2. Description of the Related Art

Japanese Unexamined Patent Application Publication No. 2006-094370 discloses a camera-equipped mobile communication terminal device that controls the flickering of the camera by considering frequency information associated with the base station to which the device is connected as frequency information in the location of the device.

SUMMARY

To acquire biological information by capturing an image of a surface of a living organism, it is desirable to do so with a maximum frame rate that ensures stable operation of the terminal device for the image-capturing and also under brightness suited to acquire biological information. However, the light source may exhibit brightness that periodically changes due to the frequency of the power supply to which the light source is connected, which can in some cases be a cause of flickering being observed that is unwanted periodic noise. It is accordingly preferable to both control the exposure time and adjust the sensitivity so as to reduce the flickering, to capture an image of a surface of a living organism under brightness that is suited to acquire biological information.
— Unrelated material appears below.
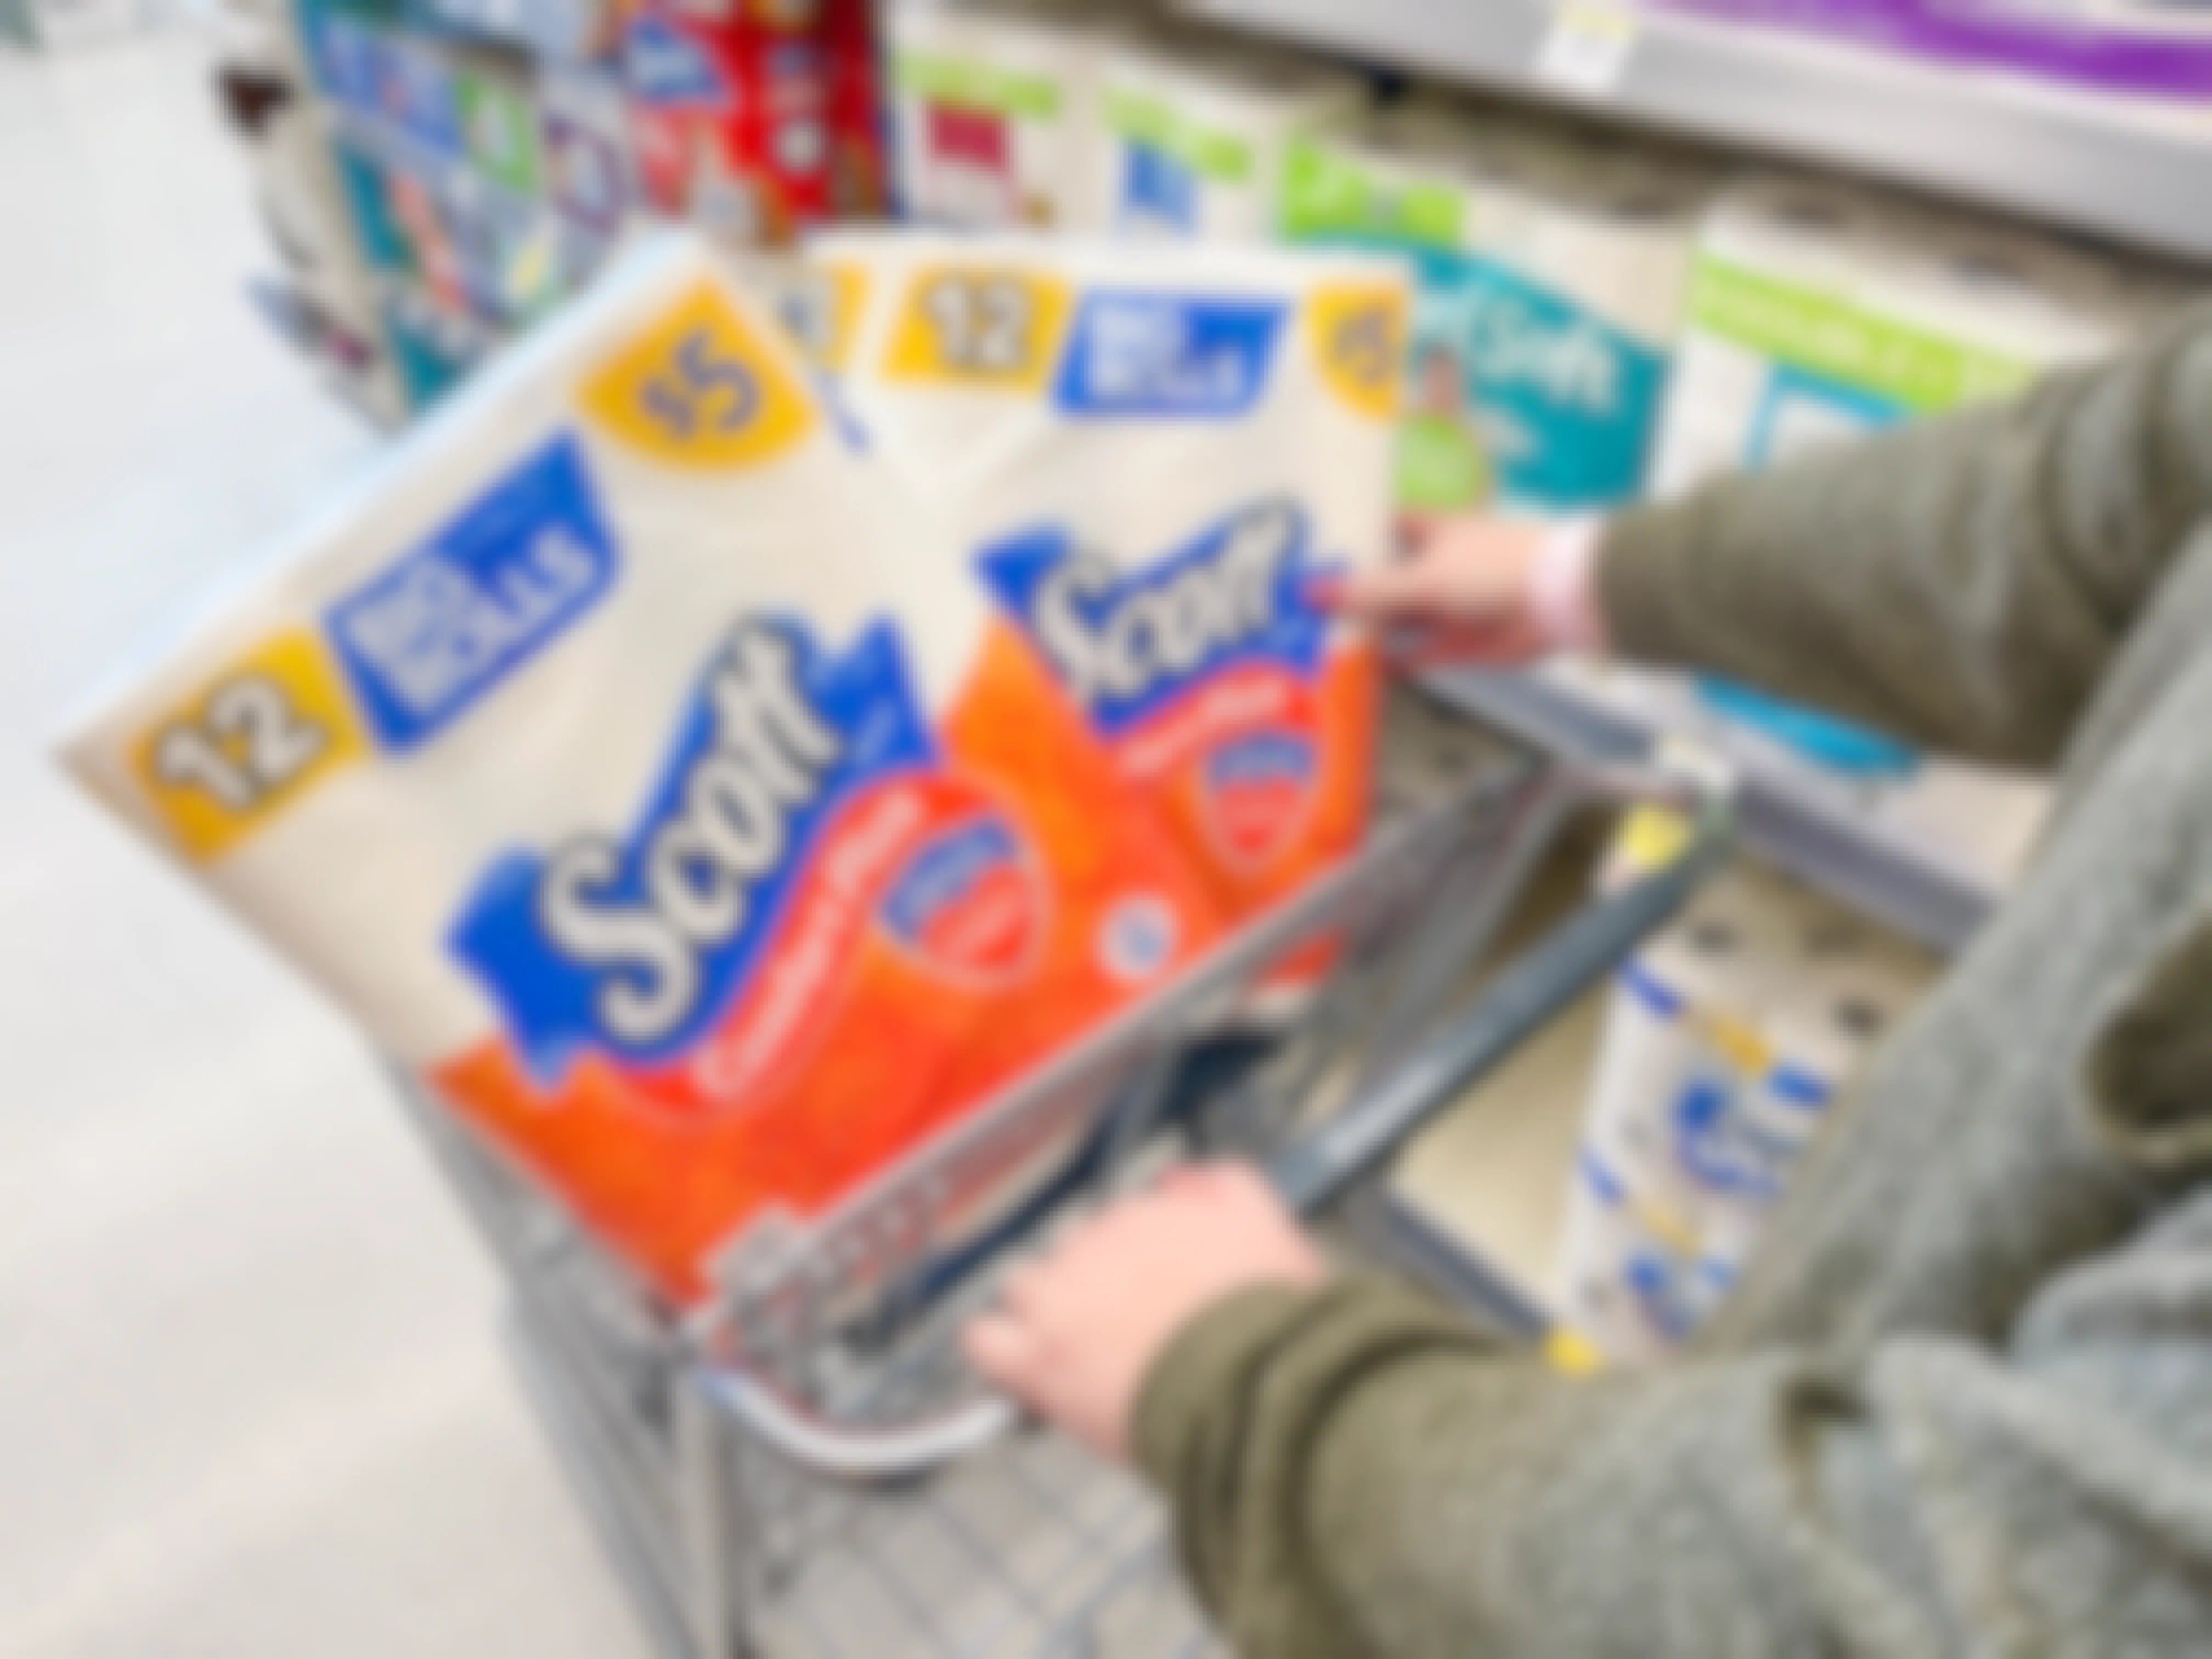 scott toilet paper in walgreens cart

Hence, the present disclosure, in an aspect thereof, has an object to provide a measuring instrument, a measuring method, and a computer-readable storage medium each of which is capable of capturing an image of a surface of a living organism under brightness that is suited to acquire biological information.

The present disclosure, in an aspect thereof, is directed to a measuring instrument including: an image-capturing unit configured to acquire a moving image by performing image capturing on a living organism; a pixel value calculation unit configured to calculate, from each of images constituting the moving image, a representative value of pixel values of pixels in a target region containing an optical image of the living organism; and an image-capturing control unit configured to specify an exposure time and a sensitivity based on an optimal frame rate and the representative value so that the representative value falls within a prescribed range, wherein the image-capturing unit performs the image capturing on the living organism with the optimal frame rate, the exposure time, and the sensitivity.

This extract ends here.